BPM begrüßt geplantes Gesetz zur Fachkräfteeinwanderung

Schluss mit dem bürokratischen Hürdenlauf

Die Innovationskraft und Wettbewerbsfähigkeit des Wirtschaftsstandortes Deutschland hängen wesentlich davon ab, wie gut der Fachkräftebedarf künftig gesichert werden kann.

Vor diesem Hintergrund begrüßt der Bundesverband der Personalmanager (BPM) als größte Vereinigung für Personalmanager/innen die Initiative der Bundesregierung zur Fachkräfteeinwanderung ausdrücklich. Das Bundeskabinett hatte Anfang der Woche Eckpunkte für ein Fachkräfteeinwanderungsgesetz beschlossen. 

„Dieser Beschluss ist ein entscheidender Schritt in die richtige Richtung.
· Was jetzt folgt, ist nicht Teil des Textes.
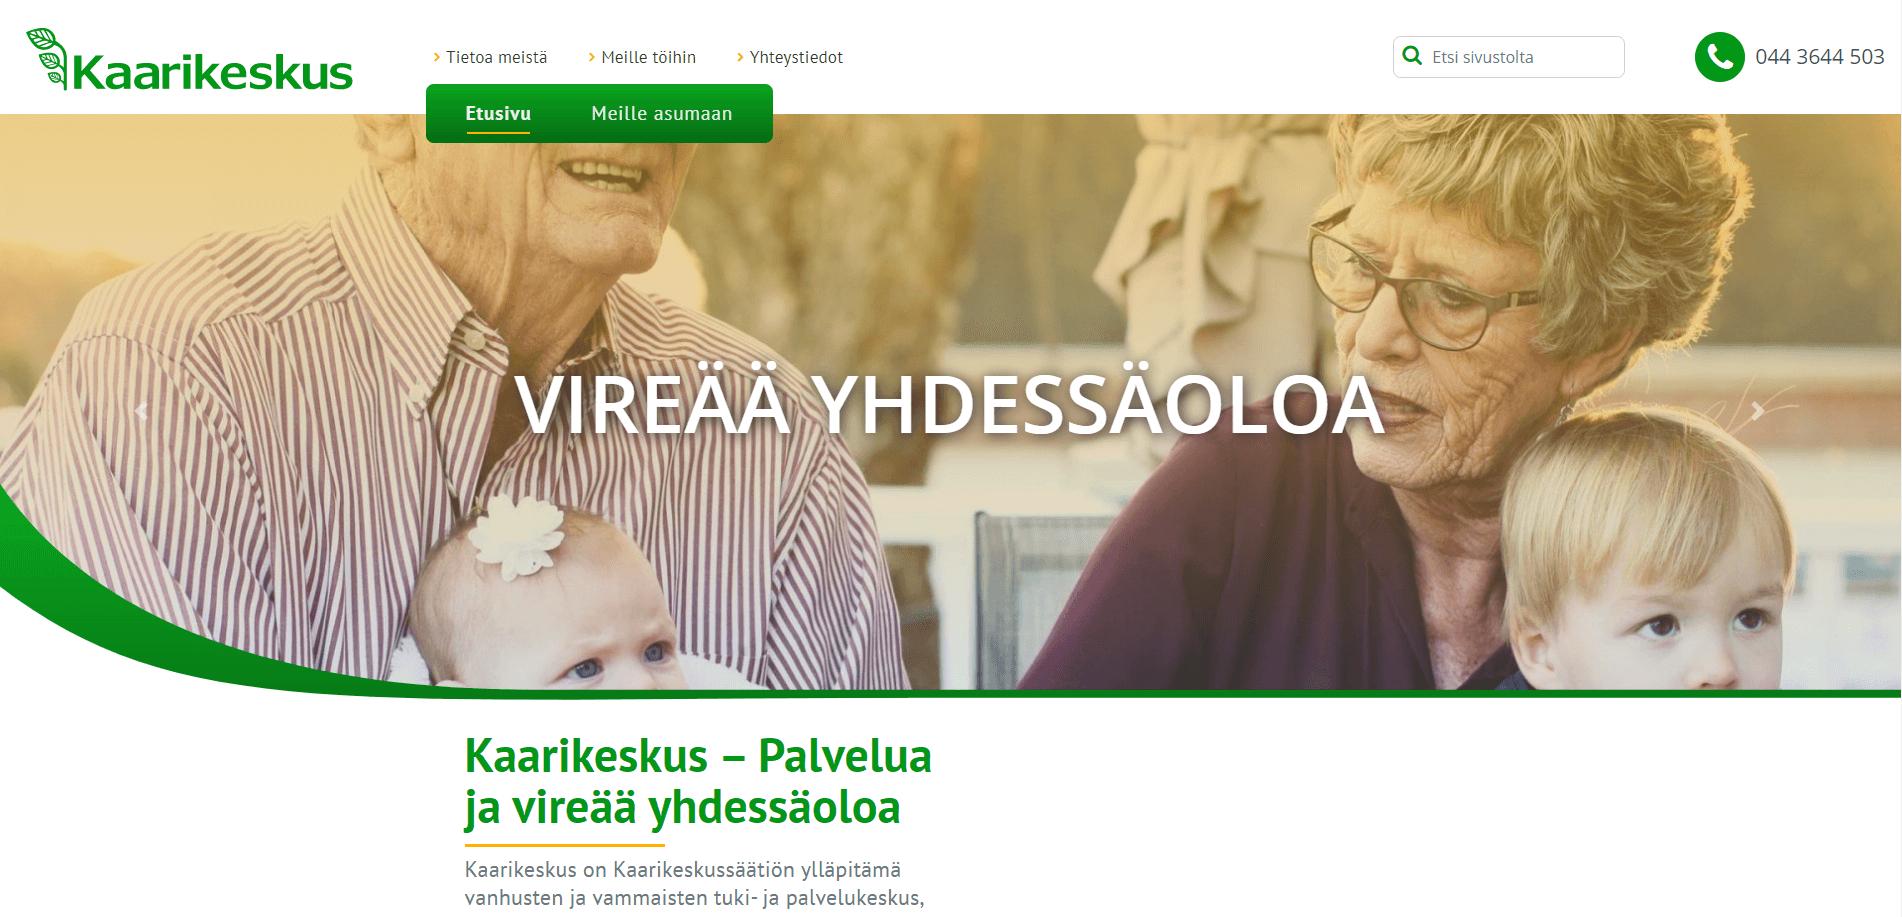 WordPress-kotisivut Kaarikeskukselle - Verkkovaraani

Er zeigt, dass die Politik verstanden hat, welchen Stellenwert Fachkräfte aus Drittländern für den deutschen Arbeitsmarkt haben. Damit setzen wir nicht nur wirtschaftlich, sondern vor allem auch gesellschaftlich ein positives Zeichen,“ so Verbandspräsidentin Dr. Elke Eller.
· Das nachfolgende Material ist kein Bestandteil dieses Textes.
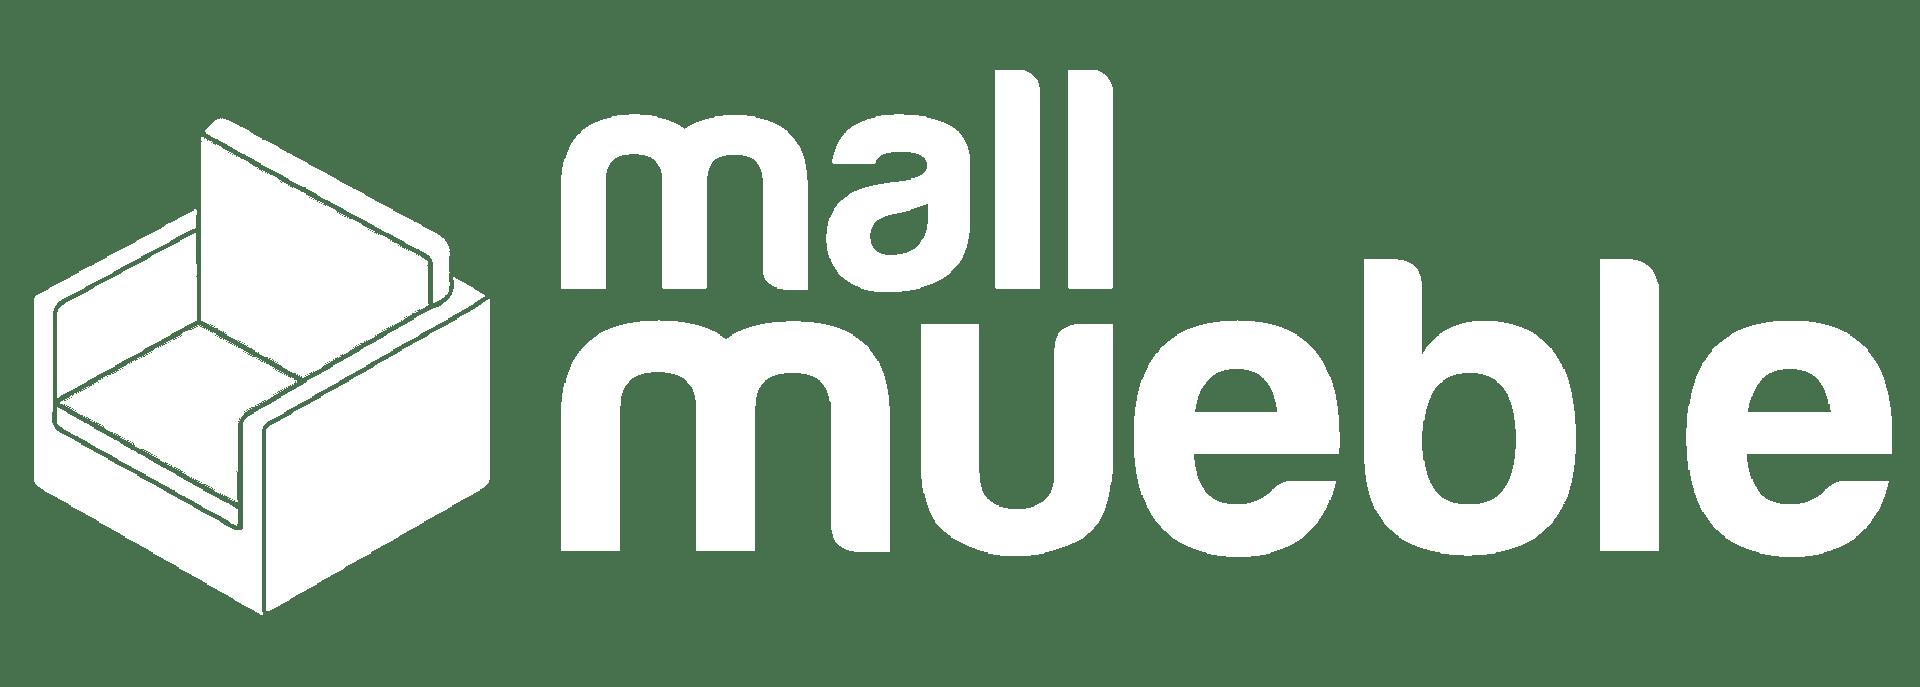 mall mueble 2021 blanco copia

In unserem aktuellen Positionspapier machen wir konkrete Vorschläge, wie ein pragmatischer „Spurwechsel“ mit Stichtagsregelung aus Sicht der Personaler aussehen kann und wie das Fachkräfteeinwanderungsgesetz mit einem Punktesystem gestaltet werden kann.

Wichtig ist aus unserer Sicht, die Vorschriften zur Fachkräfteeinwanderung so verständlich zu gestalten, dass sowohl die Fachkräfte im Ausland als auch die Personalabteilungen im Inland Transparenz und Klarheit über die Möglichkeiten der Beschäftigung und Weiterbeschäftigung von ausländischen Fachkräften erhalten. Aktuell ist die Einstellung und Weiterbeschäftigung von ausländischen Mitarbeiter/innen für die Personalabteilungen zu oft mit einem bürokratischen „Hürdenlauf“ durch verschiedene Ämter verbunden, bis alle Genehmigungen eingeholt, die Anerkennungen von Qualifikationen ausgestellt und die Vorrangprüfung abgeschlossen ist.